HOW TO COMPLETE THIS TASK: Show all the lines in the data below that include the word "June".

=== Section Start ===

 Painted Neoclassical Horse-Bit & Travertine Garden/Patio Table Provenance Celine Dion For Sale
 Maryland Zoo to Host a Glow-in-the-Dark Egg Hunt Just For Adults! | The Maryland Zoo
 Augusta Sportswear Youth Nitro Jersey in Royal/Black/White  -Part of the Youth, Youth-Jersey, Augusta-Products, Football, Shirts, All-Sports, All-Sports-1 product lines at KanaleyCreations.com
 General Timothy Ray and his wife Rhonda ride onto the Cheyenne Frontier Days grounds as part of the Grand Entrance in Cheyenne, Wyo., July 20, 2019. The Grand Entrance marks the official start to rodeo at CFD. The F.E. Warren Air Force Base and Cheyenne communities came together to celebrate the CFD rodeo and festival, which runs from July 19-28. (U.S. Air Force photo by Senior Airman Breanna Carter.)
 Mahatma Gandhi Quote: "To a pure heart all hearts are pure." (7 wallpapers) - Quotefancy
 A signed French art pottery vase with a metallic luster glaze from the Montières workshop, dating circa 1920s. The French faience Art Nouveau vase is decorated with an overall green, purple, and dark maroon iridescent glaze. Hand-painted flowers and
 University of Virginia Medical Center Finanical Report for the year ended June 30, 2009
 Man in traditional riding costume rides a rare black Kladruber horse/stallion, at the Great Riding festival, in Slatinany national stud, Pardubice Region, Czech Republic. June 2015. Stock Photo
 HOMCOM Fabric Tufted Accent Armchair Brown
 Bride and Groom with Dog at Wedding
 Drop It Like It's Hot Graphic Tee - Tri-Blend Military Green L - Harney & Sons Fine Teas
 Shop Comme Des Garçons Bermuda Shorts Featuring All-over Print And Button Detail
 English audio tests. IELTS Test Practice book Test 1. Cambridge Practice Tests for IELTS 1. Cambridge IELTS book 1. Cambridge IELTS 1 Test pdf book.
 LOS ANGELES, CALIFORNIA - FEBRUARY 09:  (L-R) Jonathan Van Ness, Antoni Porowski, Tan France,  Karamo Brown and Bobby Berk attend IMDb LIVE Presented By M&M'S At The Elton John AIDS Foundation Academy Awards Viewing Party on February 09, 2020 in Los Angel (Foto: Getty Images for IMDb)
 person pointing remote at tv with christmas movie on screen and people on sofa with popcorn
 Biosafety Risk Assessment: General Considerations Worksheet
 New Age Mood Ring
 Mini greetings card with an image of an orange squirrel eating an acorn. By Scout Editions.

=== Section End ===

PROBLEM SOLUTION:
 University of Virginia Medical Center Finanical Report for the year ended June 30, 2009
 Man in traditional riding costume rides a rare black Kladruber horse/stallion, at the Great Riding festival, in Slatinany national stud, Pardubice Region, Czech Republic. June 2015. Stock Photo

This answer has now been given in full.